The amount of money you can make from open source code depends on several factors. First of all, the popularity of your open source project plays a significant role that determines your possible revenue. On top of that, adoption and credibility play an essential role.
Credibility can be expressed in various ways. How fast do you respond to new issues? Do you frequently maintain the code? It’s unlikely that an infrequently maintained project will receive a lot of adoption. Therefore, monetization chances will be lower.
However, there are plenty of monetization options you can employ — even for projects with low adoption.
Here are six methods you can employ:
- Paid support
- Software as a Service (OpenSaaS)
- Open-core model
- GitHub sponsors
- Paid feature requests
- Get paid to build open source extensions for existing products
1. Paid support
Offering paid support is one of the most straightforward revenue streams for all kinds of open source projects. As a project maintainer, you have a lot of knowledge about the codebase. This puts you in the position to offer consultancy or support services to companies that want to use your code.
On the other hand, offering paid support doesn’t provide a scalable business model for open source projects.
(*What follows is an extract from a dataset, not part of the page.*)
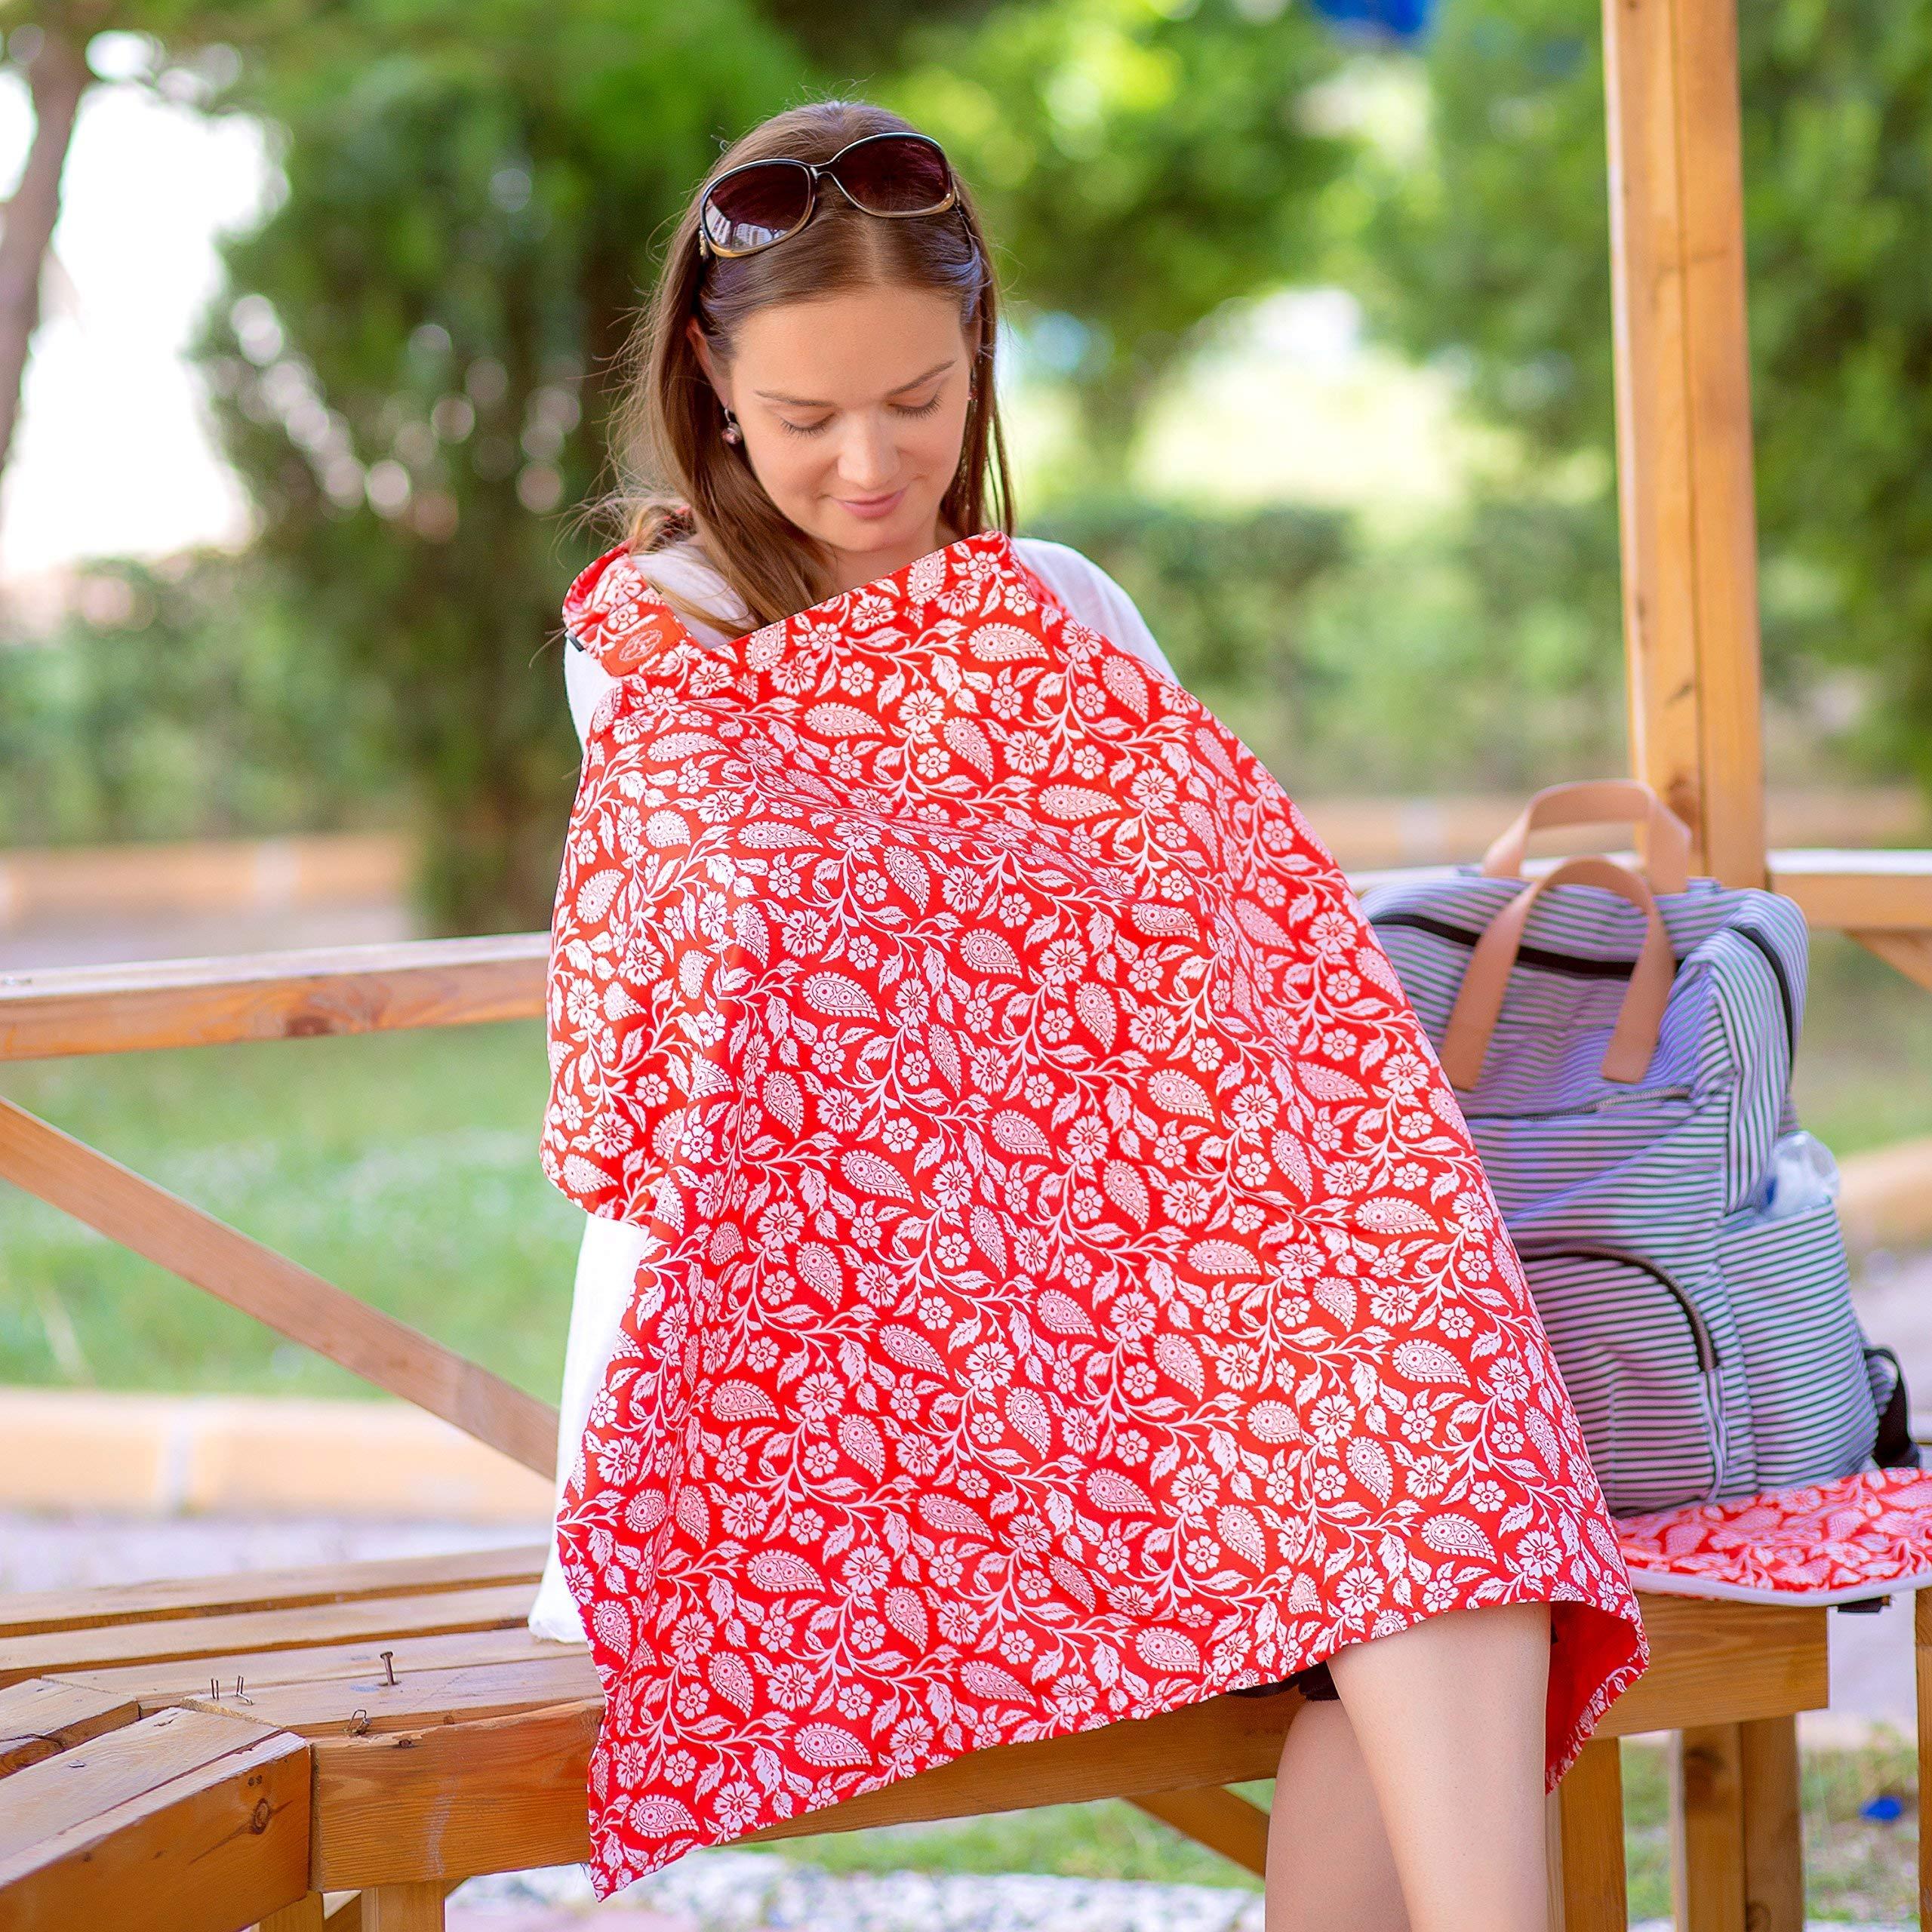 IAMA Complete ❤ New Reversible ❤ Nursing Cover Up 100% Cotton Hypoallergenic Breastfeeding Nursing Cover Bonus One of A Kind Travel Bag for Infant Nursing Cover

Because most projects are maintained by a few developers, there’s limited time for them to offer support to companies. Bear in mind the time required to improve the functionality and maintain the codebase.
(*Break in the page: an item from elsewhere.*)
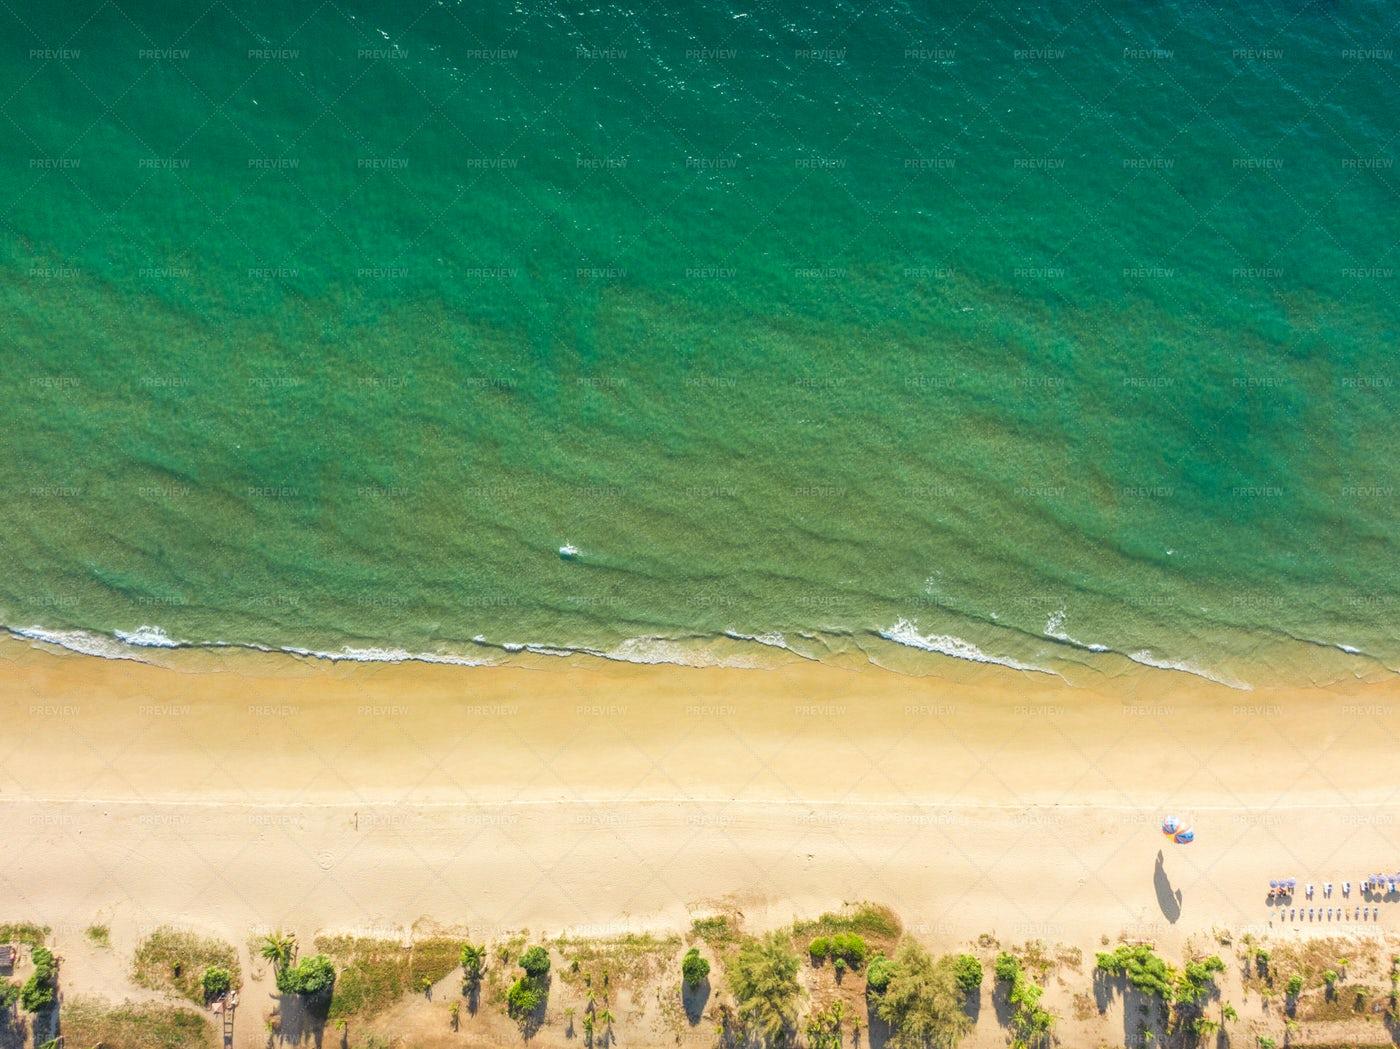 Top View Sandy Beach And Emerald Ocean: Stock Photos

In conclusion, it’s an effective way to earn some money as an open source maintainer and keep the project going.
2. Software as a Service
An open source project that has generated plenty of demand can choose to offer a Software as a Service (SaaS) business model. This model is most viable for projects that offer a complete application, such as a publishing platform, monitoring tool, or marketing automation tool.
Developers can choose to host the software themselves. However, this means that they have to take care of security, security, and maintenance.
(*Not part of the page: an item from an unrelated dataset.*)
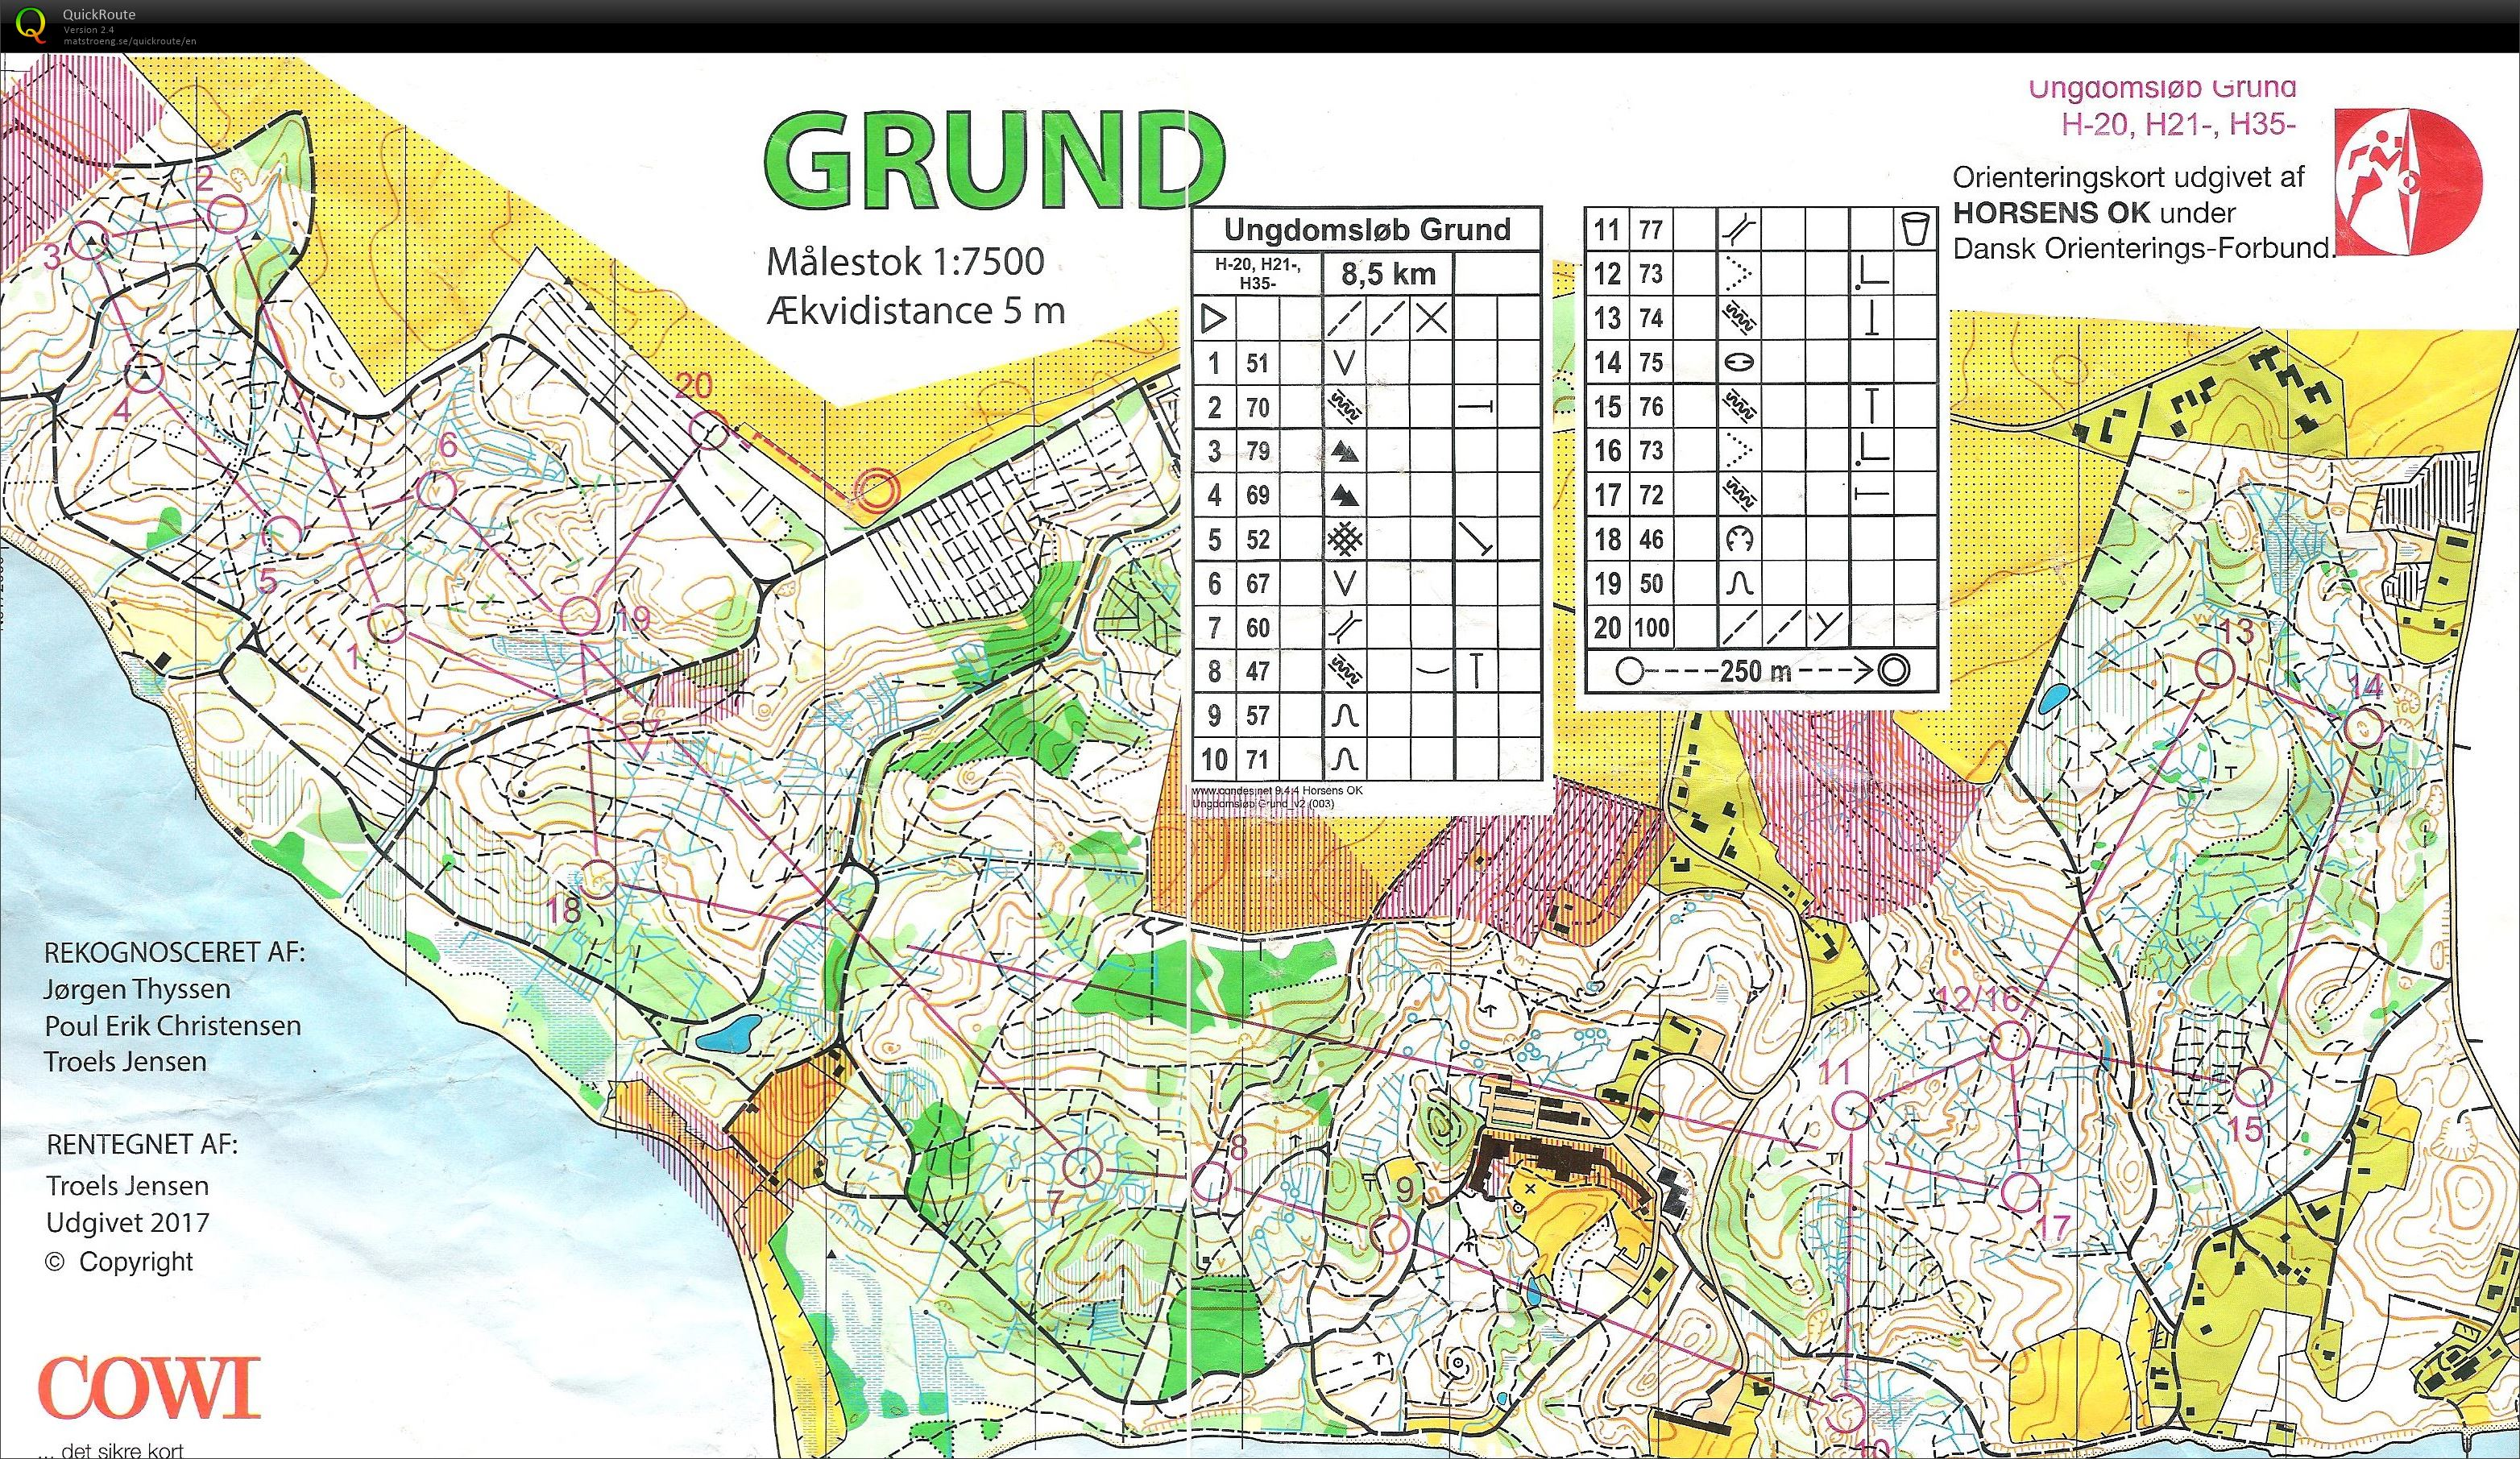 Grund H35 May 28th 2017 Orienteering Map From Jess Rasmussen

It’s often much easier and cheaper to pay for a managed offering under a SaaS model. Developers pay a monthly fee to use the hosted solution. Therefore, they can focus on the tool itself instead of all maintenance-related tasks. Moreover, a marketing or content team often doesn’t have the required technical knowledge to host a solution themselves. For that reason, a SaaS solution is a great alternative to make money from open source software.
3. Paid feature requests
It’s not easy for smaller projects to earn revenue. Often, these developers have a daytime job besides maintaining an open source project. Therefore, they are limited in time to maintain their project.
Yet, if you happen to find a couple of companies using your project, you can offer paid feature requests. In other words, you develop new features based on a company’s request. In return, they pay you for developing the features they want.
It’s one of the most straightforward models to make money from open source software. Even a small project can find a few companies that are interested in using their open source software. Often, it’s cheaper for them to hire you as a freelancer to develop the new functionality they need than having their developers spend time figuring out the codebase and adding new functionality.
Suppose a company forks an open source project to add new functionality themselves. In that case, this means they’ll have to maintain their fork and merge new updates from the original codebase to their codebase. This can sometimes become messy and increase maintenance complexity.
4. GitHub sponsors
Since May 23, 2019, GitHub introduced its GitHub Sponsors program.
“The world runs on open source. None of it would be possible without the global team of maintainers, designers, programmers, researchers, teachers, writers, leaders—and more—who devote themselves to pushing technology forward. These extraordinary developers can now receive funding from the community that depends on their work, seamlessly through their GitHub profiles.”
The primary benefit of using GitHub Sponsors is that they charge zero fees. 100% of sponsorships go to the developers. The feature aims to reward developers for maintaining free software.
Yet, alternatives exist to receive sponsorships, such as Open Collective or Patreon.
Sponsorships are a great revenue stream for well-established open source projects that require more funds to stay afloat.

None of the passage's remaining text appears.